In Chinatown, Roman Polanski’s 1974 neo-noir, it was a lowly municipal utility, the L.A. waterworks, at the centre of a grand, murderous conspiracy. Why should anyone be concerned about oversight at the Water Department, when after all, they simply make sure the pipes and the sewers don’t clog, right? Well, it turns out that in early 20th-Century California, municipal water authorities also got to decide which lands would be expropriated to make way for massive dams and reservoirs. In Polanski’s Chinatown — a fictional story, but not too far fetched from the real-life California Water Wars — untold fortunes and many livelihoods were suddenly in the hands of a few engineers isolated from public scrutiny, and the most corrupt men in the populace pounced upon this loophole before anyone else noticed.
I can’t help but see the shadow of Chinatown looming over the many crises currently plaguing Canada. It feels like there’s corruption everywhere I look.
For example, here’s one such corruption crisis: my city, Toronto, is in the midst of an auto theft epidemic that’s gotten so bad it’s making headlines around the world.

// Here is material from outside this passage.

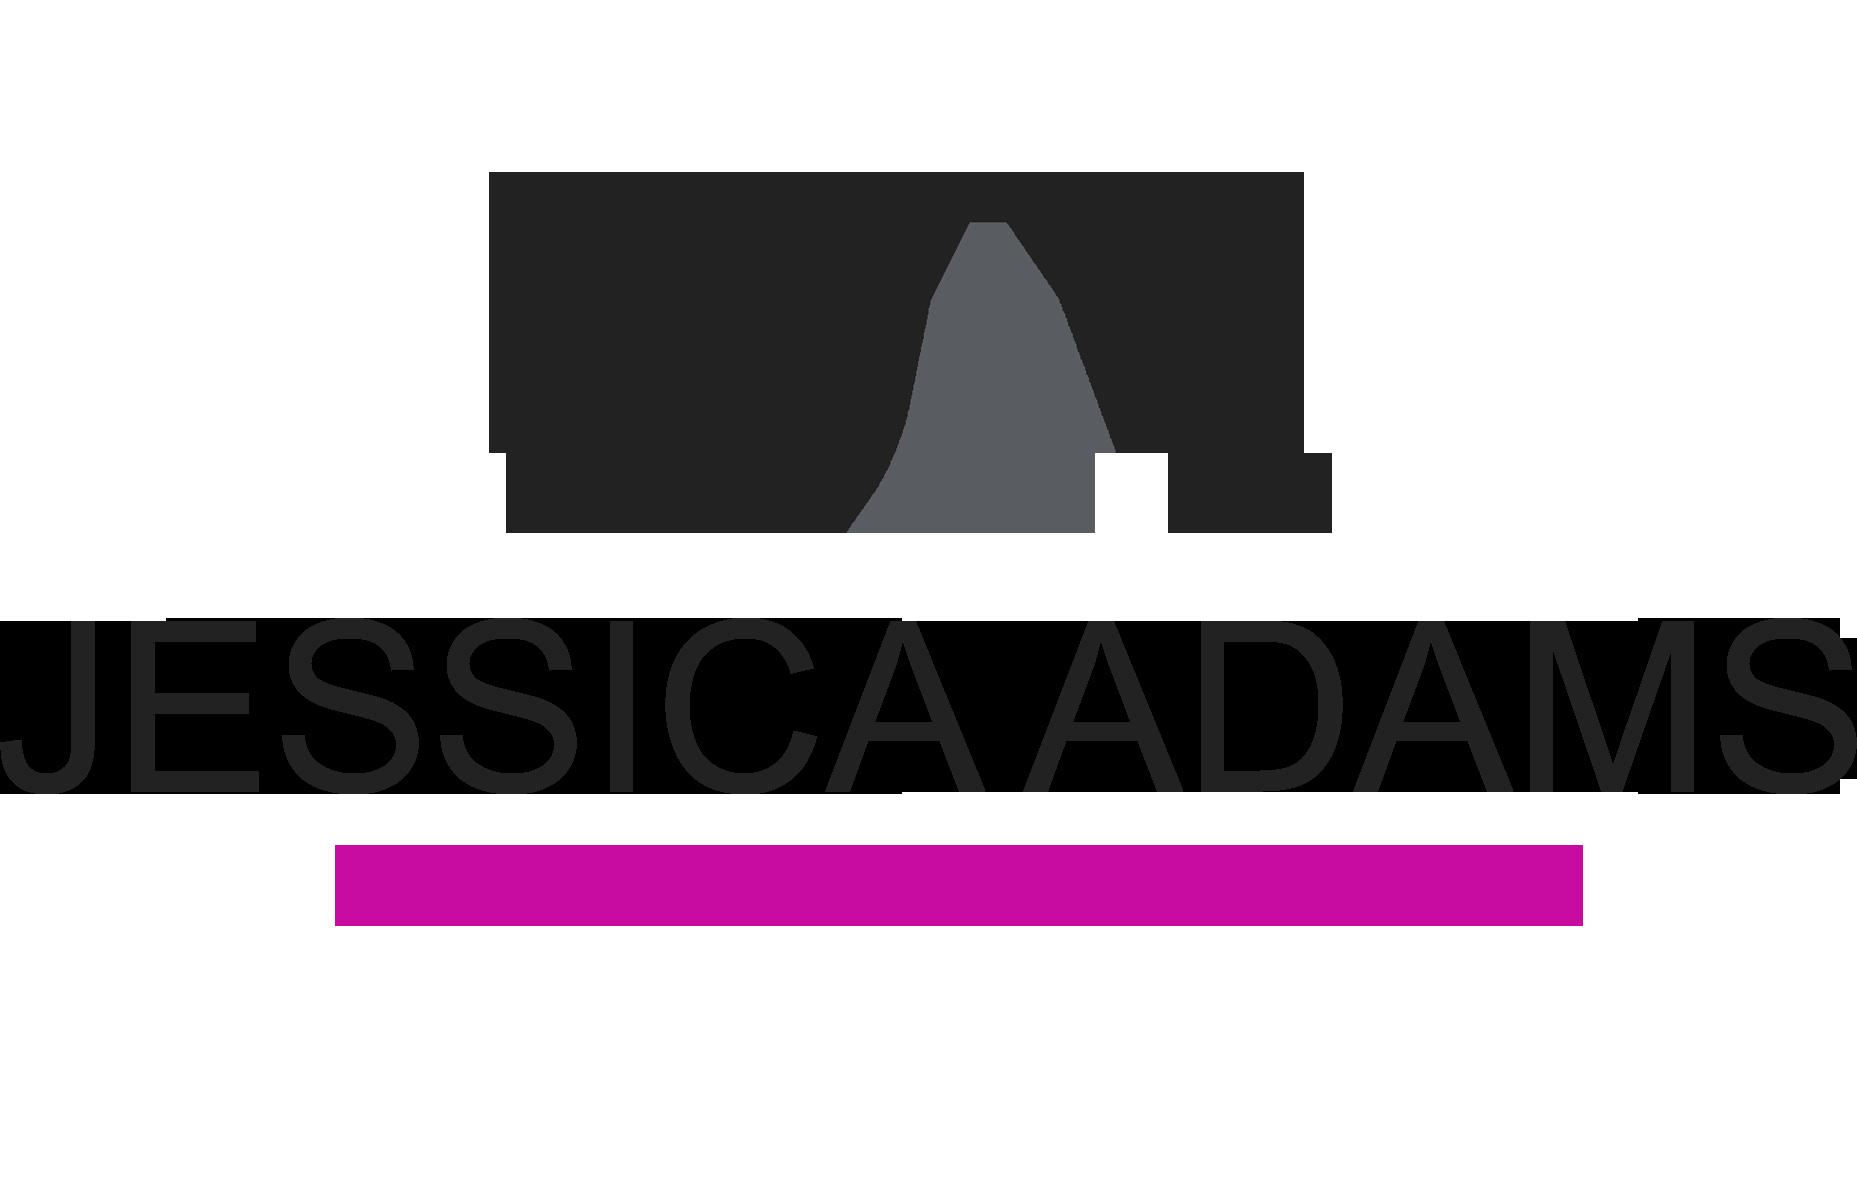 Jessica Adams Group logo

Cars are suddenly disappearing from driveways across the city, and no one seems to know how to stop the thieves.
This strikes me as bizarre, because in the age of Apple AirTags and GPS, we can track almost in real-time exactly where the cars end up within hours — perhaps minutes — of being taken: they’re at the railyards, parked inside shipping containers.

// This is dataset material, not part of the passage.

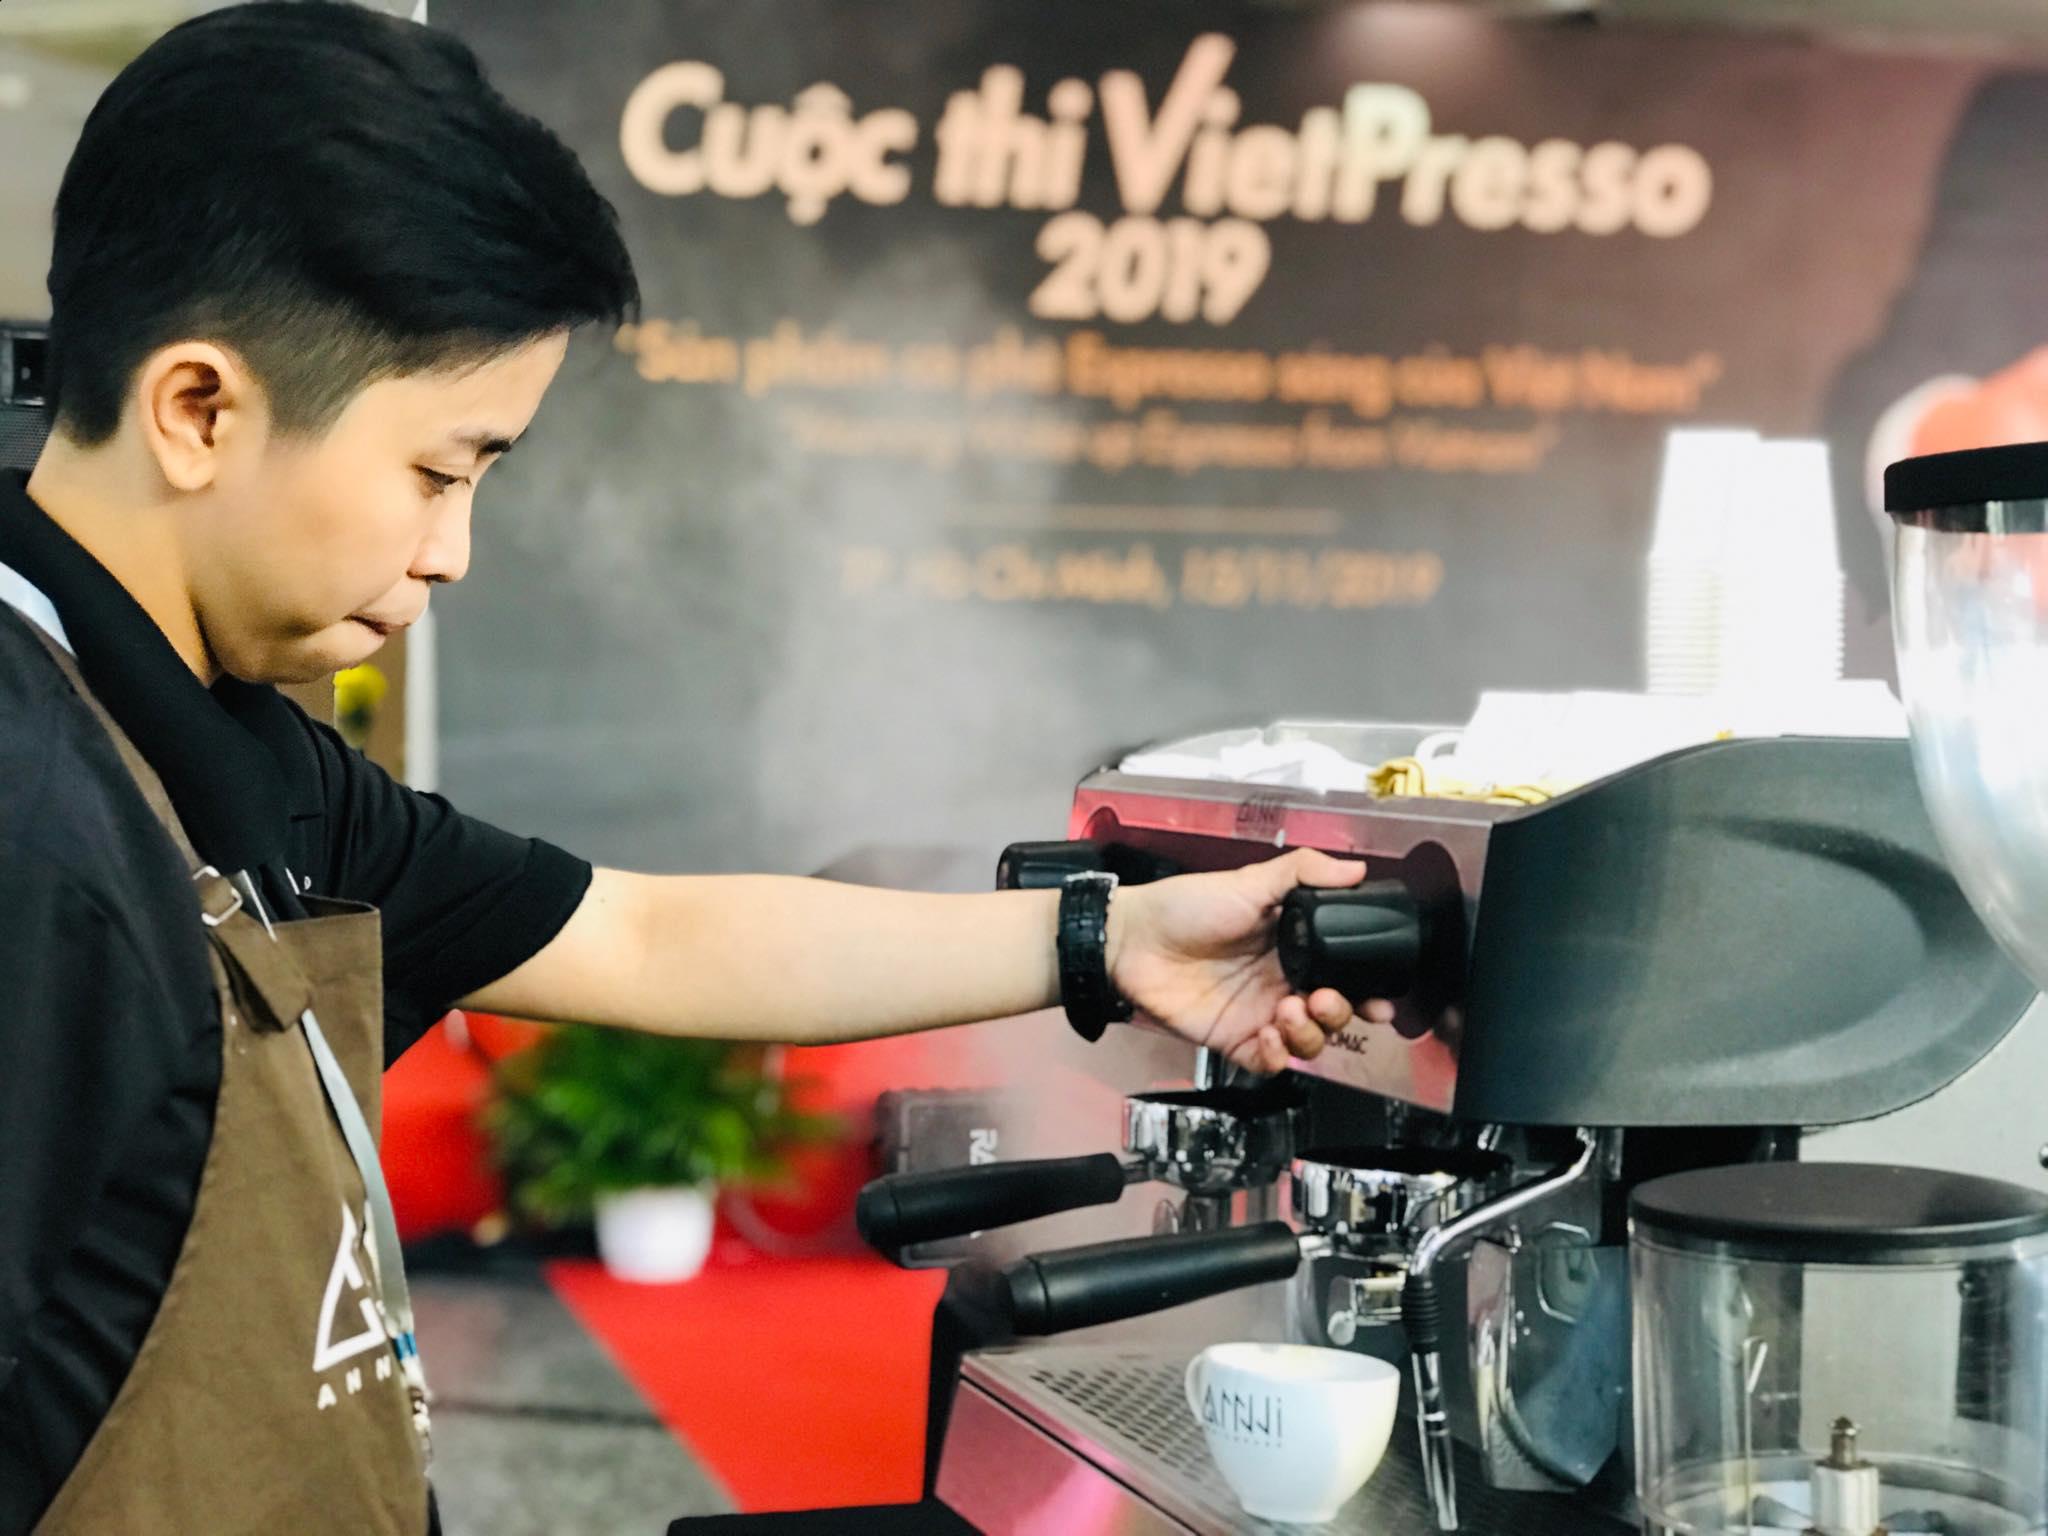 ANNI COFFEE - Cuộc thi Pha chế Espresso Việt

The problem is that due to a little-known historical quirk, a major railway network, which extends across Canada and deep into parts of the US and Mexico, maintains its own strange, independent police jurisdiction, under the authority of a tiny agency of about a hundred officers, quaintly named the Canadian Pacific Kansas City Police Service. Why should anyone be concerned about oversight over some barren stretches of train tracks, right? Well, it seems criminals have discovered that these narrow extra-jurisdictional corridors slice right through Toronto, they have plenty of vehicular access points throughout the metro area, and they’re rapid, convenient transport conduits which lead directly to faraway ports on the East and West Coasts.
Now, I’m not saying that the CPKC cops are in cahoots with organized crime, but for some strange reason, the second Toronto’s stolen cars cross the line from city police jurisdiction to railway “Kansas Keystone Cops” property, inter-agency miscommunication and bureaucratic red tape inevitably gums up the time-sensitive process of intercepting the goods until they’re clear outside the country, oceanbound for black markets in Asia and Africa. And we can watch them rumble out on their transcontinential journeys while we’re standing just a few yards away in the middle of Toronto in broad daylight, powerless to intervene.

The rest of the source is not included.